Mobility professionals are uniquely positioned to share valuable perspectives on what information the business needs, in addition to what will make the employee experience a more streamlined, efficient, and positive one. Our industry’s collective insights continually help shape and refine technology solutions that integrate with the critical components of a company’s systems to ensure functional teams are communicating with each other effectively and at the right times. When all stakeholders in the business can access the services and information they need, where and when they need them, from technology that is fully integrated, affordable, and easy to use — everybody wins.
Emotional
Supporting the mental and physical health and wellbeing of employees has taken on new levels of importance and complexity. Talent mobility professionals interact with employees at some of the most exciting, yet stressful points in their careers and have unique visibility into how the company and its supplier partners support that. Whether you label them as “hard and soft” skills, or “right- and left-brained” traits, ours is an industry that brings a bit of everything to the table: analysis, logic and linear thinking with compassion, empathy and emotional intelligence.

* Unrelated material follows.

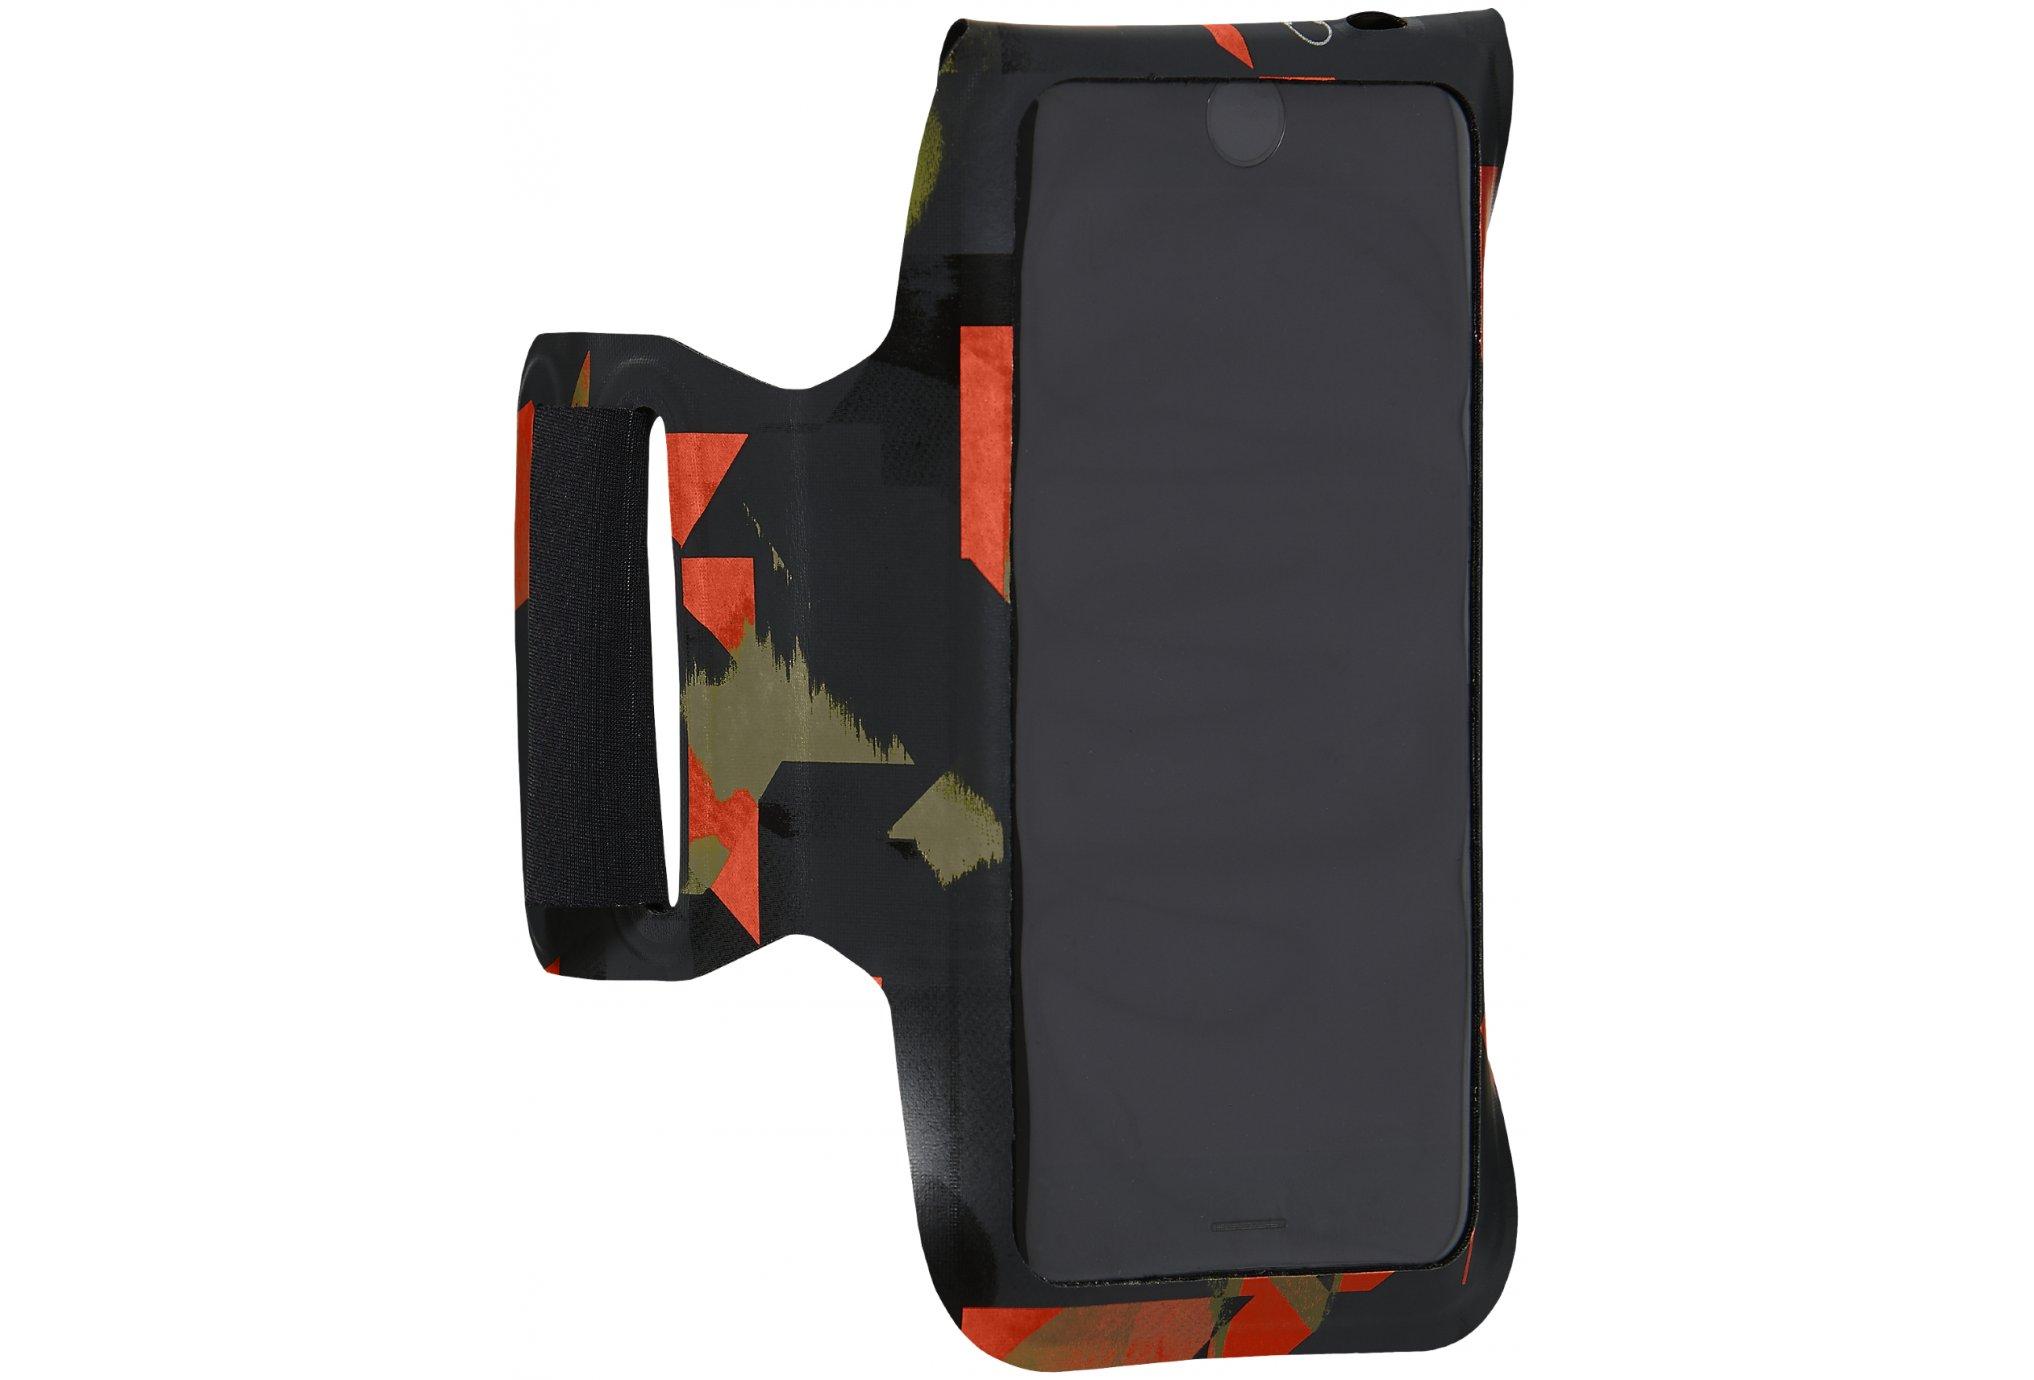 Asics Brassard mp3 accessoires téléphone

The care and commitment we witnessed at the heart of the outbreak, while mobility teams and their local, on-the-ground partners worked around the clock to ensure employees were safe, is now being applied to flexible solutions to meet a variety of rapidly changing situations and needs.
We support the emotional and physical wellbeing of our talent and their family members because it’s the right and ethical thing do to, but it can also have additional benefits. Employees are consumers, after all, and when the right support is well executed, they can become brand ambassadors.
As business leaders rethink priorities and develop new paths, employees and customers are watching. How they respond now will be critical to how the business is perceived for decades to come. The post-pandemic rebuilding will not be a linear process, but will require a multitude of adaptable skills and the ability to pivot to stay in lock step with global regulatory and societal shifts. It’s an opportunity to design new workforce approaches to economic and social imperatives, and to tap into the rich benefits and innovation that diverse, inclusive, and global teams can bring. With a blend of the right skills, our industry is ready for the challenge.